First, get the predictions as words

In [None]:
#Since the predictions_test is a 3-dimensional tensor (8 layers of 2d-matrices, with each layer representing a possible label), 
# we need to get the most likely label for each token, and look that index up in our label_vocab for the word-label
test_pred=[]
for i, sentence in enumerate(predictions_test[:,:,]):
    labels=[]
    for j, token in enumerate(sentence):
        label=label_vocab[torch.argmax(predictions_test[i,j,:])]
        labels.append(label)
    test_pred.append((test_data[i][0],labels))
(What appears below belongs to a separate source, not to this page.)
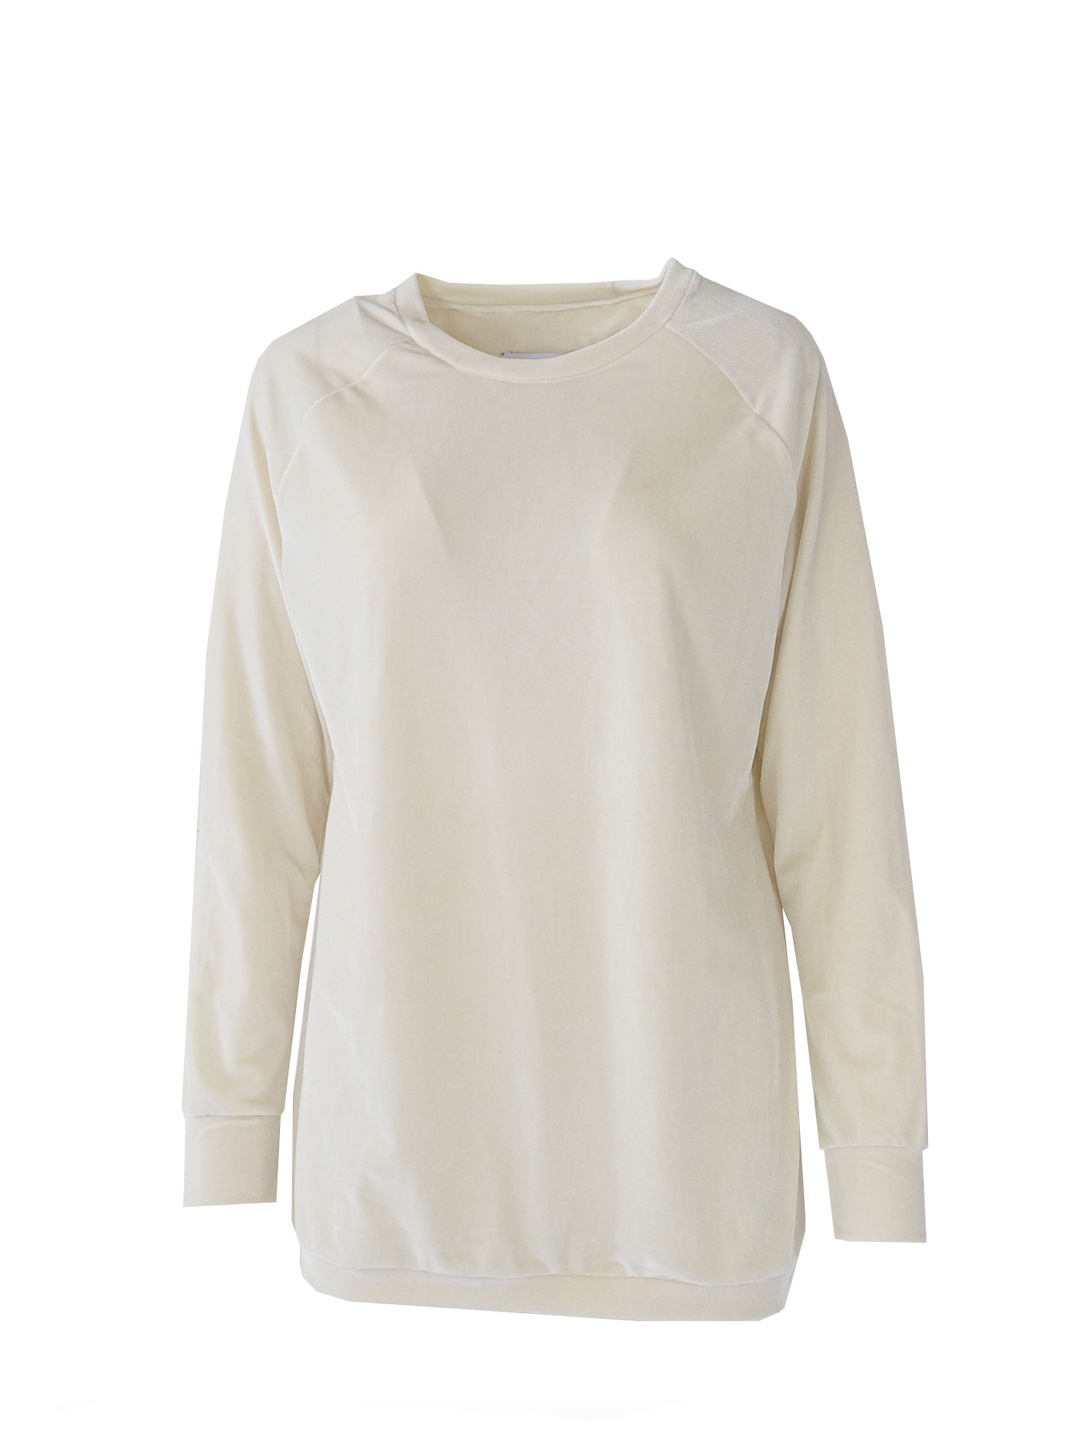 FLORA - chenille sweatshirt in cream

Then, assemble it all into a string of the proper format - with 5 columns of nr, token, label, "-", and "stephen" if the token has a label

In [None]:
#To get it as iob2-format output, we assemble the predicted labels with the corresponding words in a string, as well as a "stephen" if a word has a label
output_txt=""
for sentence, labels in test_pred:
    output_txt+="\n# text = "+" ".join(sentence)+"\n"
    for i, (token, label) in enumerate(zip(sentence,labels)):
        steph="-"
        if label != "O":
            steph="stephen"
        line=str(i+1)+"\t"+token+"\t"+label+"\t-\t"+steph+"\n"
        output_txt+=line

Very last step: Save the string as a new file in the directory

In [None]:
#Lastly, write that string into a file
with open("baseline_test_pred_output.iob2", "w", encoding="utf-8") as f:
    f.write(output_txt)